Come Back From A Failure with a Vengence to Prove Them Wrong

I got let go.

Those are the hardest words I have ever had to say, and I had to say them over and over again to every contact I reached out to and every interview I went on. It still feels like nails on a chalkboard. I have always been one of the hardest working people I know. I get up early and work late. I took calls regarding random questions on maternity leave. I did everything I could to salvage accounts that were already sinking when they were handed to me. I’m one of the most organized people I know. I’m efficient. I care so much and I’m so damn nice to everyone I work with and yet… I got let go.

When I was told that I was getting let go I had to take a few minutes to really wrap my head around what that meant. I shook my head and nodded and said “I totally get it”, “no hard feelings”. I apologized that it was hard on them to have to let me go.

The executive team got together and consciously made decisions about who they wanted to keep on their team and who they didn’t. They wrote my name on a whiteboard and then they erased it. Of all the people within the company, they decided that they didn’t want me on their team. My skill set was replaceable. I was just a number in their business model.

Then “nice Amanda” slowly faded into the distance. While I was upset, I was very pissed. My blood was boiling.

If I had been a few years younger I might have gone on Glassdoor and written a shitty review. But I was older, and I knew better.

I needed to prove to the company and to myself that I could land a killer gig. I reached out to every single person I had ever met that might have a lead or just be willing to talk to me about ideas and opportunities. I made calls, texts, and emails. I reached out to recruiters and friends and former clients from years past.

I’m not sharing this because I want any pity for losing my job, I’m sharing this because it happens all the time. You must understand that you are working for a company that has a financial goal. Keeping your job is not guaranteed. In the business world, nothing is guaranteed.

Failure doesn’t mean an end. It means a new beginning. An opportunity to re-evaluate your situation. To try something new. To go bigger. To be more.
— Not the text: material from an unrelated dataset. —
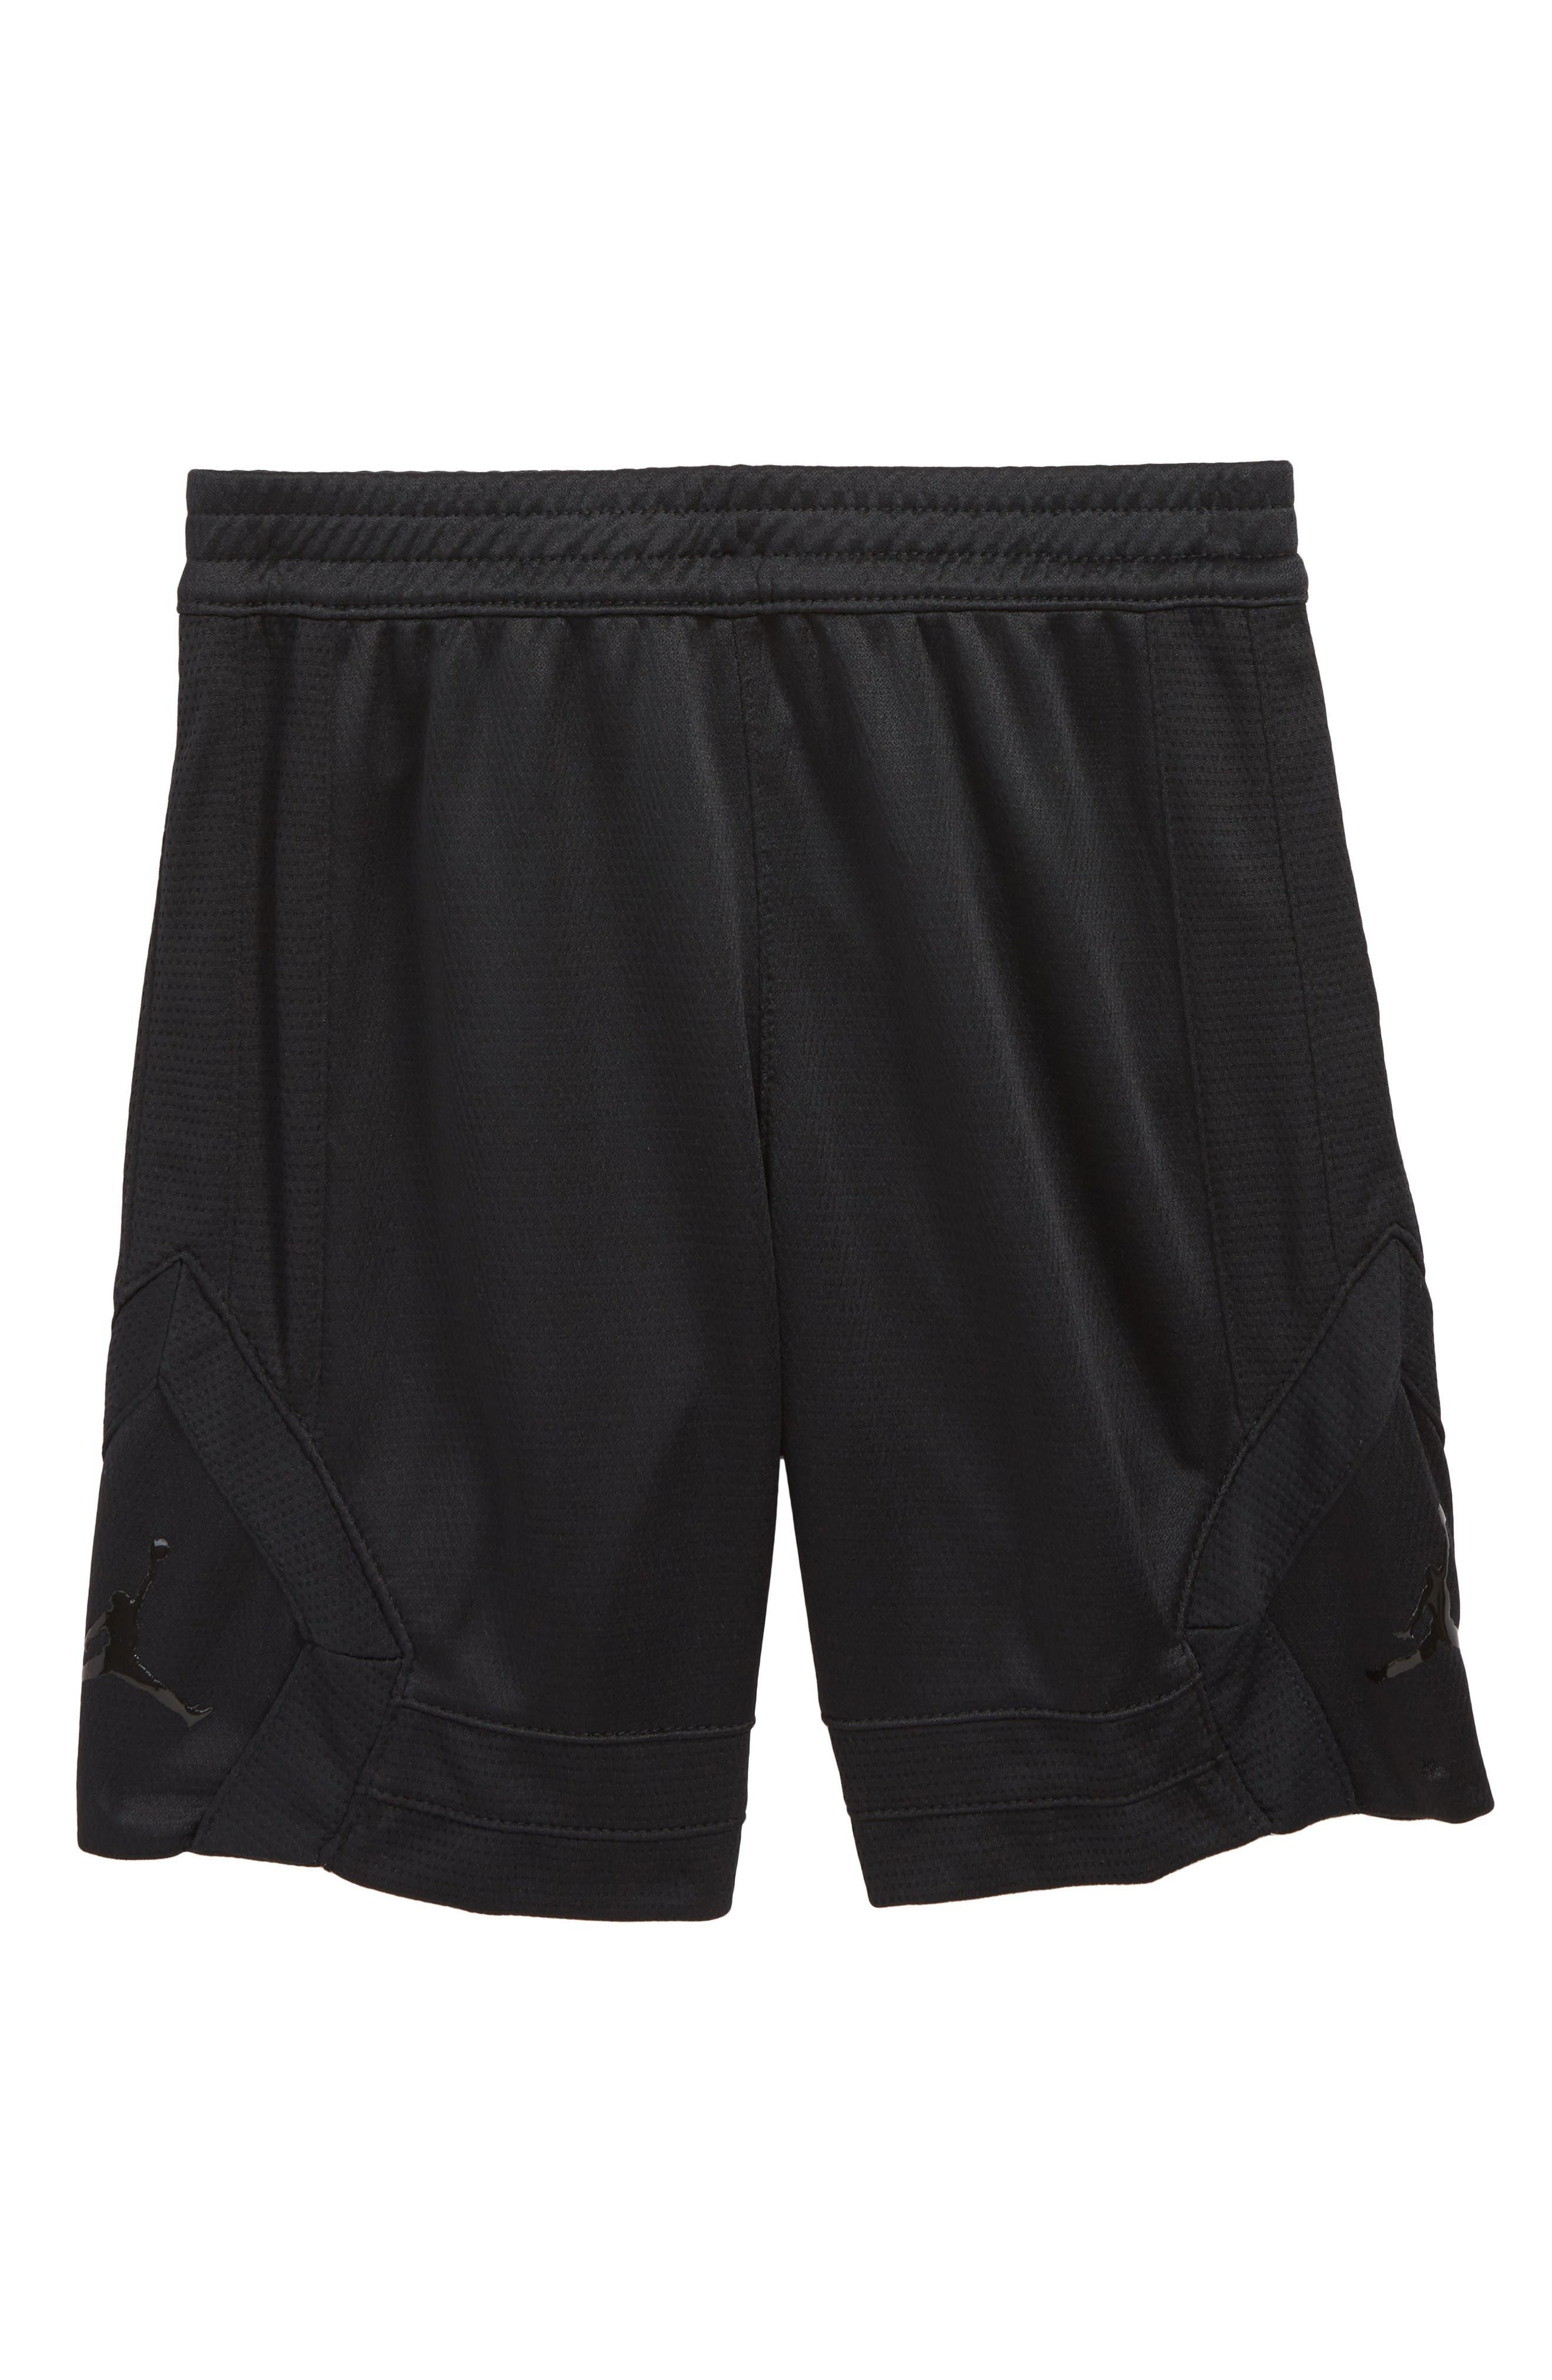 Jordan Rise Basketball Shorts,                             Main thumbnail 1, color,                             BLACK
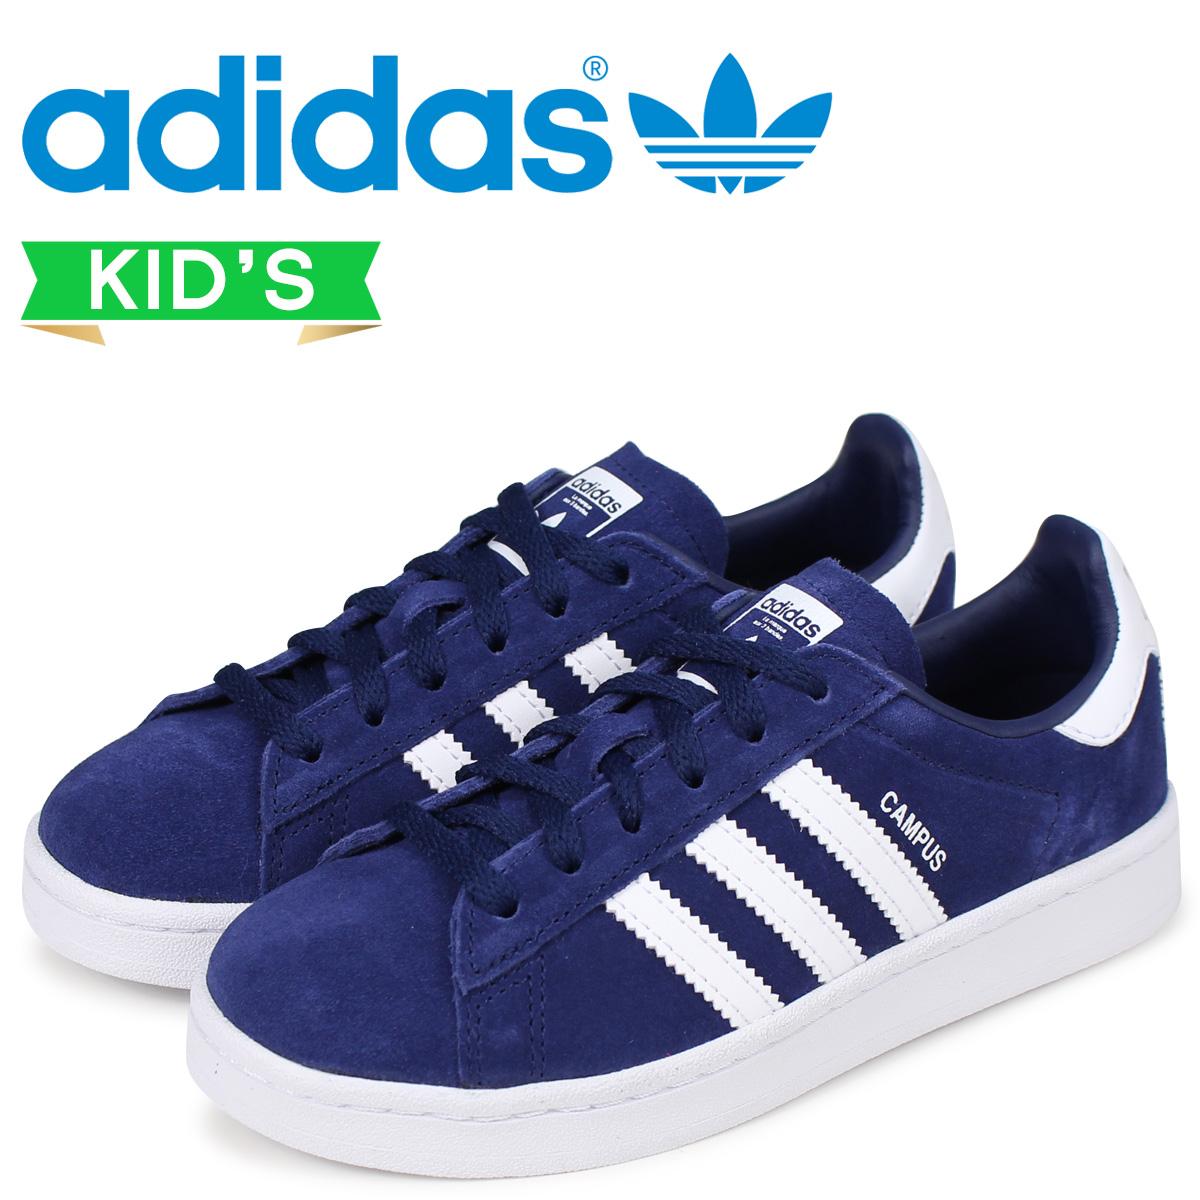 buy sale discount sale latest adidas Originals campus Adidas originals kids sneakers CAMPUS C BY9593 blue

It also means you get a chance to prove that they should have kept you on their team.

As I write this, I am crossing the 10,000-word mark in my first book. Without getting let go, I wouldn’t even have started writing. I have also landed a killer gig at a major CPG company doing something that I absolutely love and have a team of people that value my skills and come to me for ideas and advice.

I got let go from a job that wasn’t right for me and I’m proud of that.